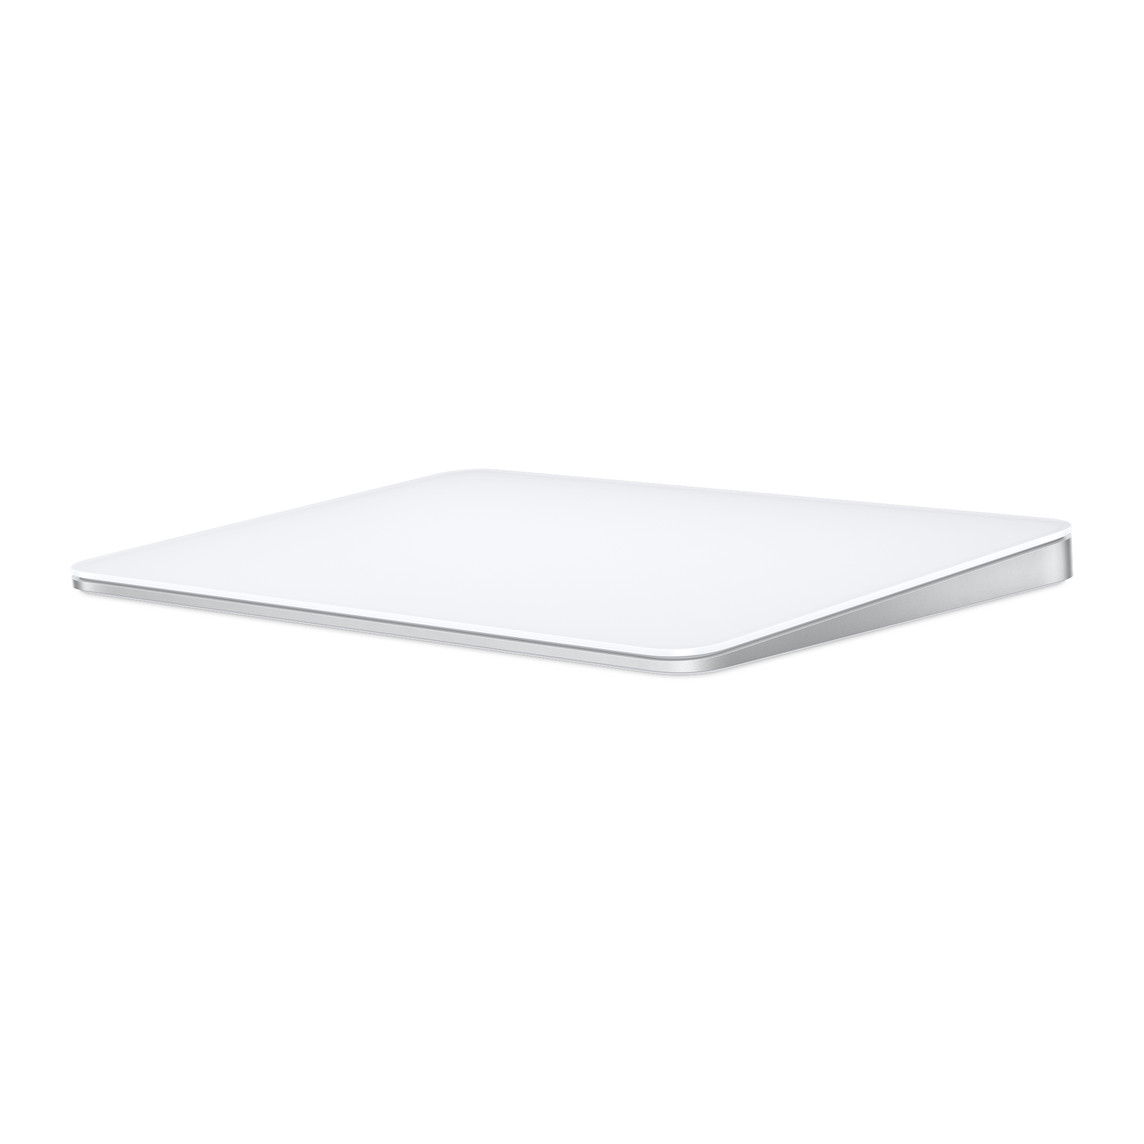 Picture of Apple Magic Trackpad - White Multi-Touch Surface
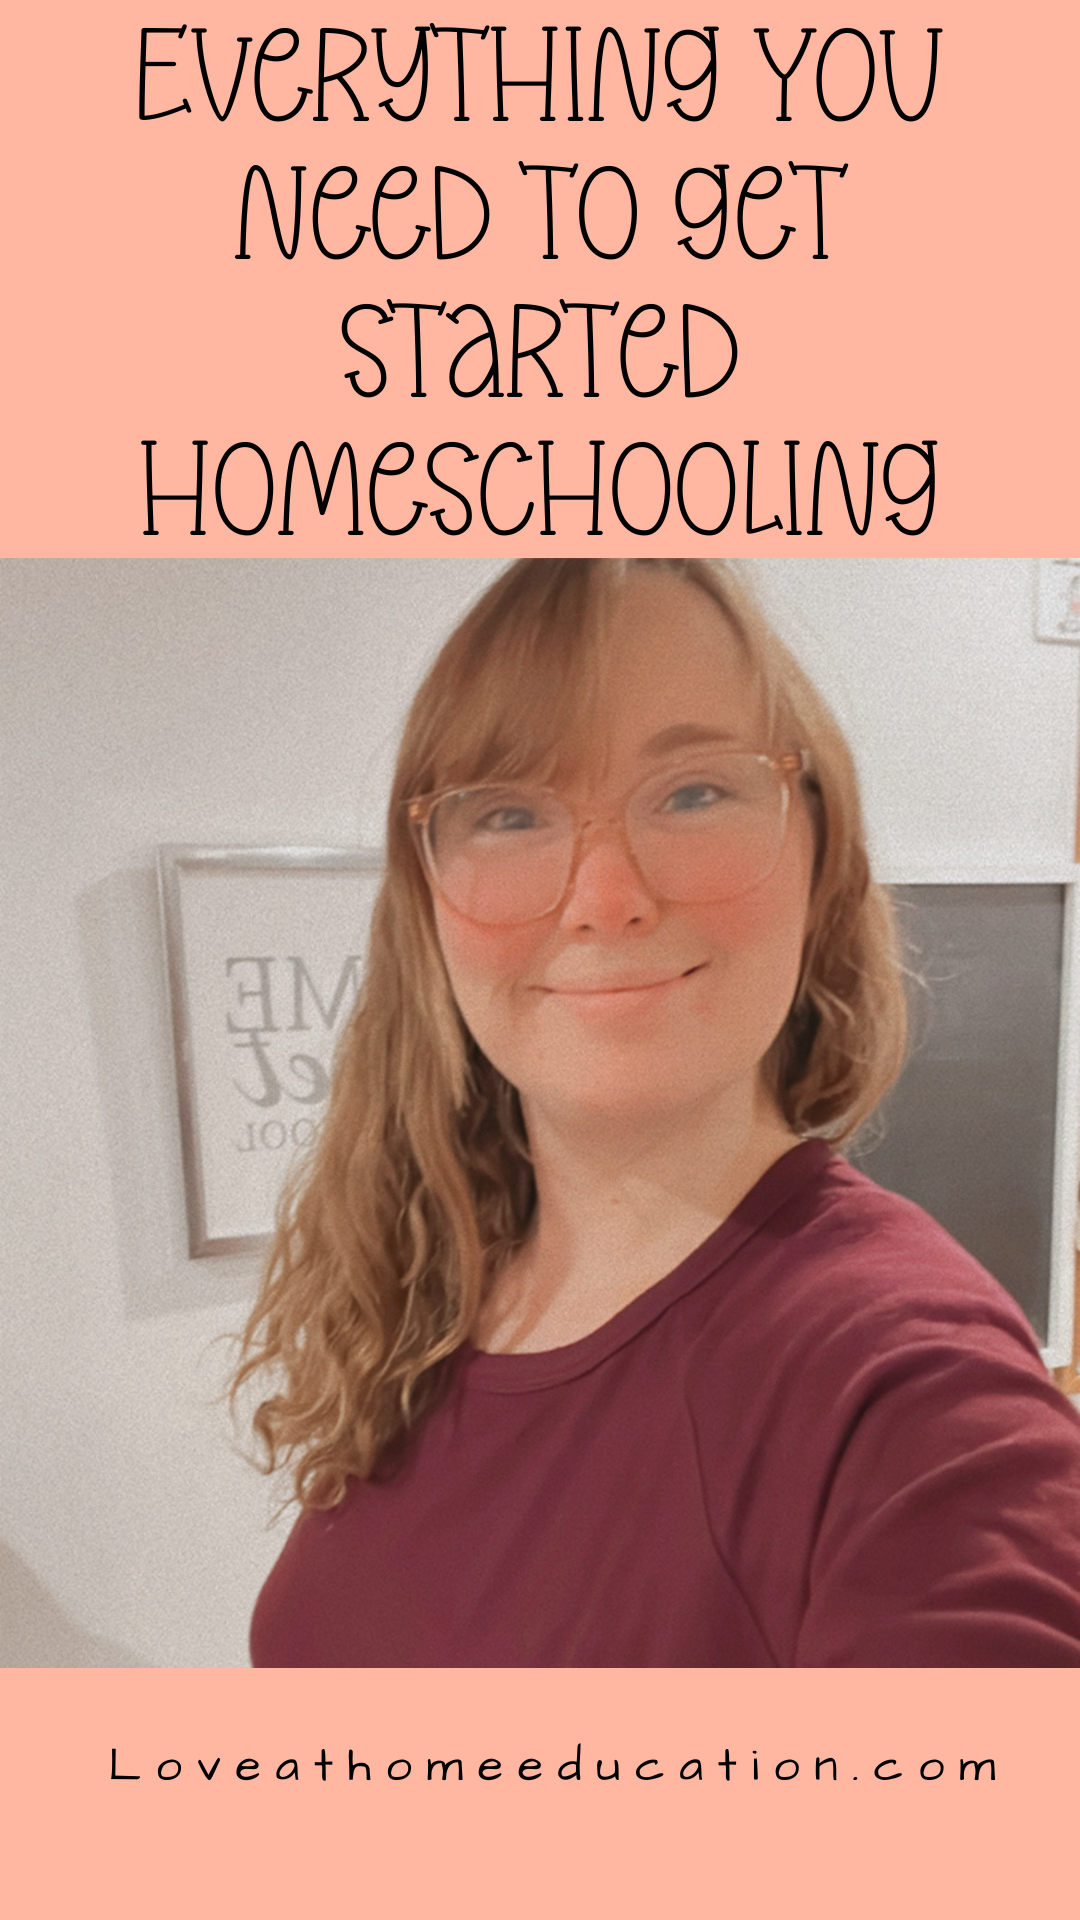 Everything YOU need to get started HOMESCHOOLING!!
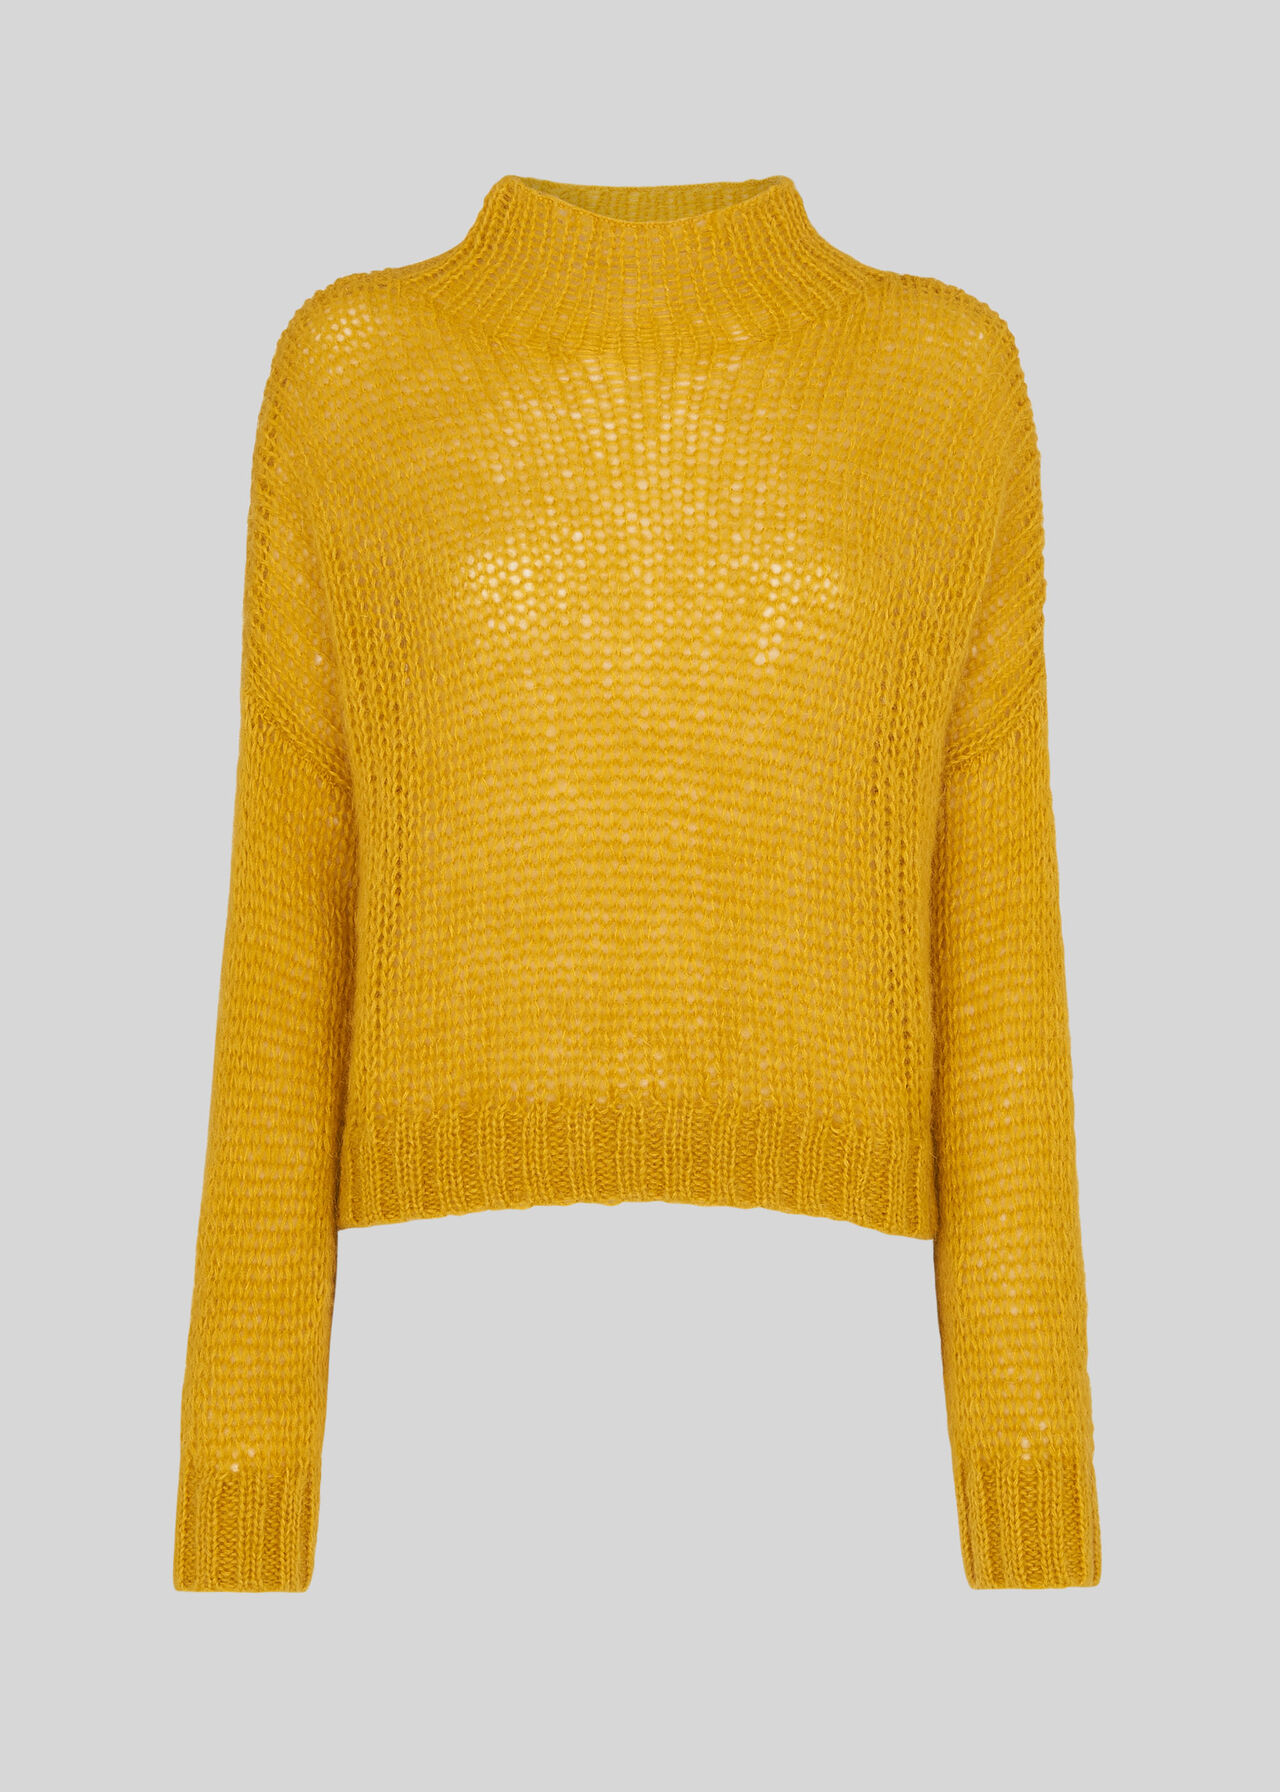 Oversized Textured Knit Yellow
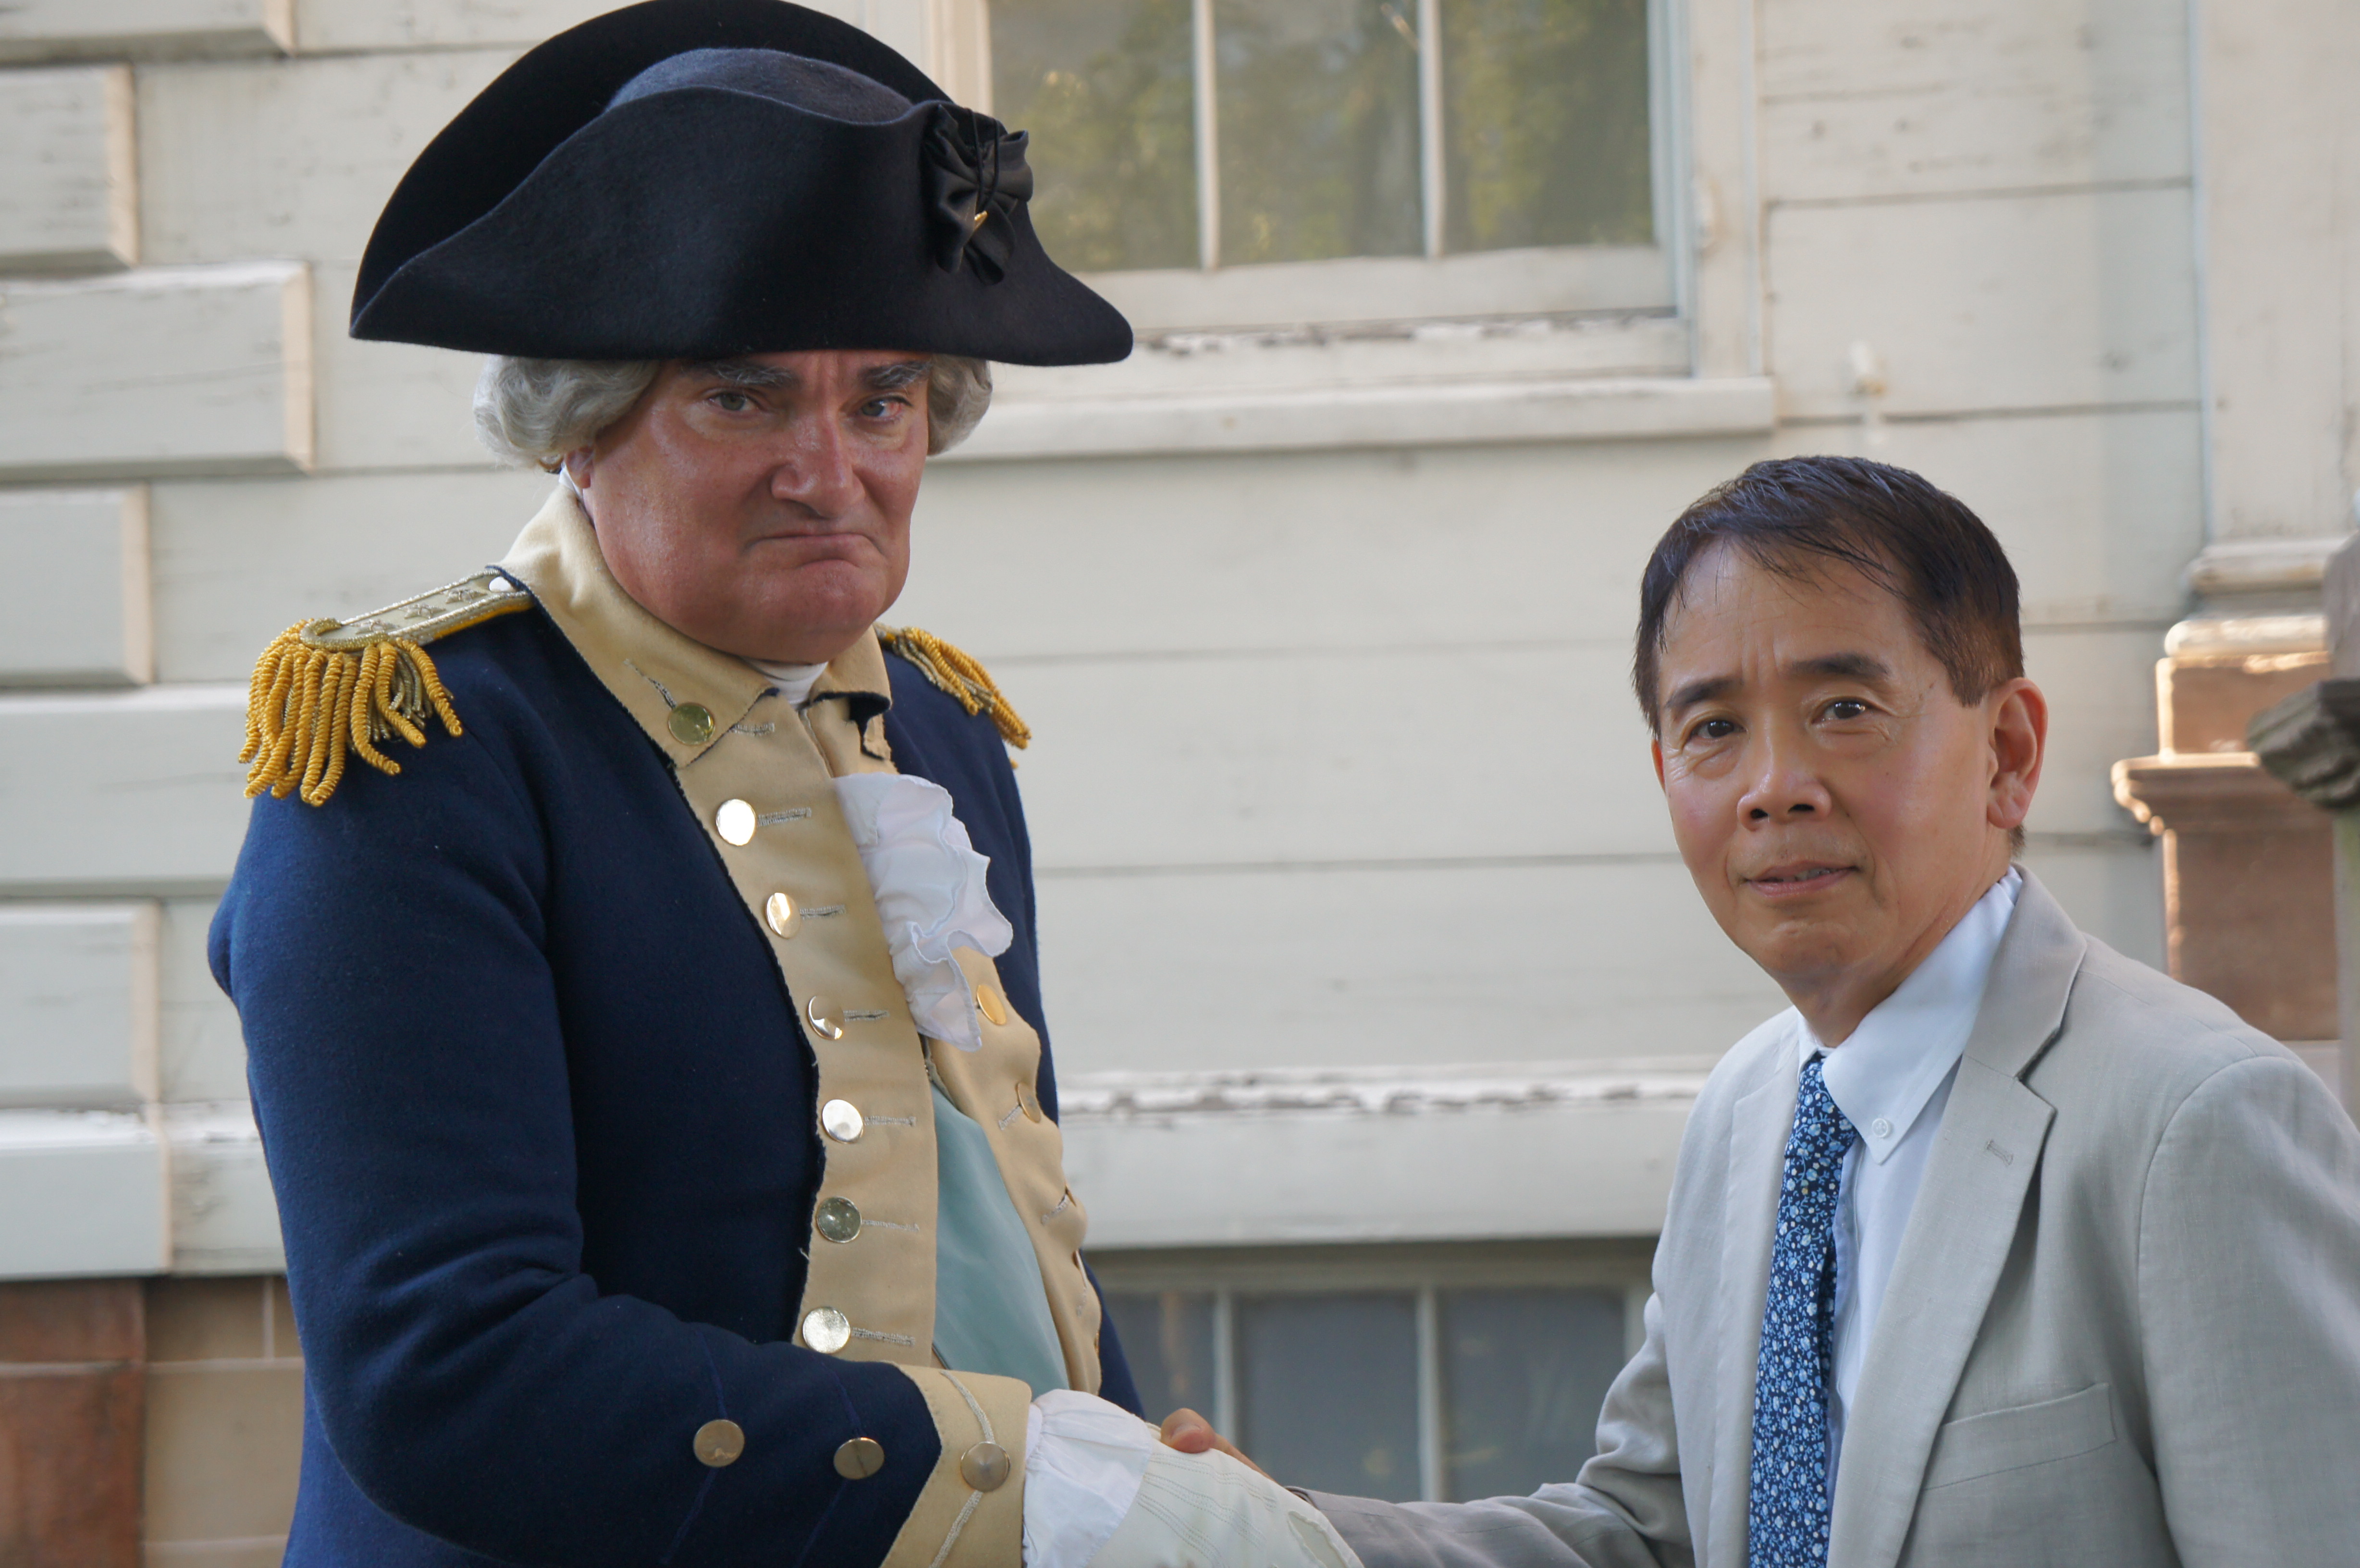 Reviewing my dinner remarks with President Washington at the Morris Jumel Mansion, New York.

## What is needed
Give back, word for word, the lines from the one containing "Everything YOU need" through the last line of the listing above; include both ends and exclude the pictures.

## Response to the task
 Everything YOU need to get started HOMESCHOOLING!!
 Oversized Textured Knit Yellow
 Reviewing my dinner remarks with President Washington at the Morris Jumel Mansion, New York.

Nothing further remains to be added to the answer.